--- Entries supplied ---
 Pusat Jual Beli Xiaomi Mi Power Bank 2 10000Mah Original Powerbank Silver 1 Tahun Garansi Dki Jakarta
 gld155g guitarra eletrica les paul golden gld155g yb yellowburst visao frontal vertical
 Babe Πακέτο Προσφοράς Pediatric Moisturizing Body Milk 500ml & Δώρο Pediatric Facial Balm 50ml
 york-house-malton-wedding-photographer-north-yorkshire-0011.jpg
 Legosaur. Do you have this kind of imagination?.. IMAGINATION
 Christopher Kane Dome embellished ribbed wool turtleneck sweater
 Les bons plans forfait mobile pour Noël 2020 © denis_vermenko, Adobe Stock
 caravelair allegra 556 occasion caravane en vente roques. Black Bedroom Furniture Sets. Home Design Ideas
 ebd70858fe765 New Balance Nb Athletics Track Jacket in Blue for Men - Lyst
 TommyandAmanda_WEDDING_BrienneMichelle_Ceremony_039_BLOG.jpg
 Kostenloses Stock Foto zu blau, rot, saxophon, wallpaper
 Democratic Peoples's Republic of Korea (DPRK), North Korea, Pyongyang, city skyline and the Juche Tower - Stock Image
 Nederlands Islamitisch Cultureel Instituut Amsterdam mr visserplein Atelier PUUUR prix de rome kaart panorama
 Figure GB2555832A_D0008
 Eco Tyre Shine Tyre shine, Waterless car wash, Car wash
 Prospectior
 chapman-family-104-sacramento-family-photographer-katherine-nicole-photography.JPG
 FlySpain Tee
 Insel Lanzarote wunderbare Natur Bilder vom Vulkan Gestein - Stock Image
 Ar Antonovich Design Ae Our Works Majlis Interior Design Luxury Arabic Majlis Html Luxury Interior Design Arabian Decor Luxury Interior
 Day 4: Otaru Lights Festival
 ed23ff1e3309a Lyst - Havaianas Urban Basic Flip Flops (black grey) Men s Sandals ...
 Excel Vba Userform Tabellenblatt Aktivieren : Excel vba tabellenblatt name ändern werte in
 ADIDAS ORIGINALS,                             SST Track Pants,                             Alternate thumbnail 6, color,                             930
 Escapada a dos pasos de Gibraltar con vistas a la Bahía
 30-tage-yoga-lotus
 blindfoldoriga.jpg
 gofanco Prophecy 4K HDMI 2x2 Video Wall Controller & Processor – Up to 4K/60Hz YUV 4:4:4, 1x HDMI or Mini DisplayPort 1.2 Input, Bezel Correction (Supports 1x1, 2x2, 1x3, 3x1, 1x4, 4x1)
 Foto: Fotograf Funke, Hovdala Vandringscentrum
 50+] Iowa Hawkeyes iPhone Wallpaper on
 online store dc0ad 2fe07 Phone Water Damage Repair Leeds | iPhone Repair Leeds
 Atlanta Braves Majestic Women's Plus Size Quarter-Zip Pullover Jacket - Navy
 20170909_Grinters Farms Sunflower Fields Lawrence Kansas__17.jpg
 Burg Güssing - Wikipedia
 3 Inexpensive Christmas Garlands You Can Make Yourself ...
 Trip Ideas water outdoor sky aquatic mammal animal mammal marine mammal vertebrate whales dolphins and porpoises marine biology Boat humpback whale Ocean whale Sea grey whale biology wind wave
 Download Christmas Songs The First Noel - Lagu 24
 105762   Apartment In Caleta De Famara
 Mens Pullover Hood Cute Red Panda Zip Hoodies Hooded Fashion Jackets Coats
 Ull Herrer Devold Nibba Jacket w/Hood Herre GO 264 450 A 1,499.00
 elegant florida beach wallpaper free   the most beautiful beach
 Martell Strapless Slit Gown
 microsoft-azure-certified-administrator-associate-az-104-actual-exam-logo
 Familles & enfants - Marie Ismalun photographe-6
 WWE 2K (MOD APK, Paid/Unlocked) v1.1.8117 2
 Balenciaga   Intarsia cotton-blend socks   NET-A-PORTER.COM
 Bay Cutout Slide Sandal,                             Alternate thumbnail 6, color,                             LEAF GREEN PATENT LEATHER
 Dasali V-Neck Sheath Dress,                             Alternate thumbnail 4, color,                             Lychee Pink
---
_Assigned task:_
Could you please retype the lines from the start of the data through the line with "Day 4: Otaru Lights Festival", both included, and nothing else?

_Response:_
 Pusat Jual Beli Xiaomi Mi Power Bank 2 10000Mah Original Powerbank Silver 1 Tahun Garansi Dki Jakarta
 gld155g guitarra eletrica les paul golden gld155g yb yellowburst visao frontal vertical
 Babe Πακέτο Προσφοράς Pediatric Moisturizing Body Milk 500ml & Δώρο Pediatric Facial Balm 50ml
 york-house-malton-wedding-photographer-north-yorkshire-0011.jpg
 Legosaur. Do you have this kind of imagination?.. IMAGINATION
 Christopher Kane Dome embellished ribbed wool turtleneck sweater
 Les bons plans forfait mobile pour Noël 2020 © denis_vermenko, Adobe Stock
 caravelair allegra 556 occasion caravane en vente roques. Black Bedroom Furniture Sets. Home Design Ideas
 ebd70858fe765 New Balance Nb Athletics Track Jacket in Blue for Men - Lyst
 TommyandAmanda_WEDDING_BrienneMichelle_Ceremony_039_BLOG.jpg
 Kostenloses Stock Foto zu blau, rot, saxophon, wallpaper
 Democratic Peoples's Republic of Korea (DPRK), North Korea, Pyongyang, city skyline and the Juche Tower - Stock Image
 Nederlands Islamitisch Cultureel Instituut Amsterdam mr visserplein Atelier PUUUR prix de rome kaart panorama
 Figure GB2555832A_D0008
 Eco Tyre Shine Tyre shine, Waterless car wash, Car wash
 Prospectior
 chapman-family-104-sacramento-family-photographer-katherine-nicole-photography.JPG
 FlySpain Tee
 Insel Lanzarote wunderbare Natur Bilder vom Vulkan Gestein - Stock Image
 Ar Antonovich Design Ae Our Works Majlis Interior Design Luxury Arabic Majlis Html Luxury Interior Design Arabian Decor Luxury Interior
 Day 4: Otaru Lights Festival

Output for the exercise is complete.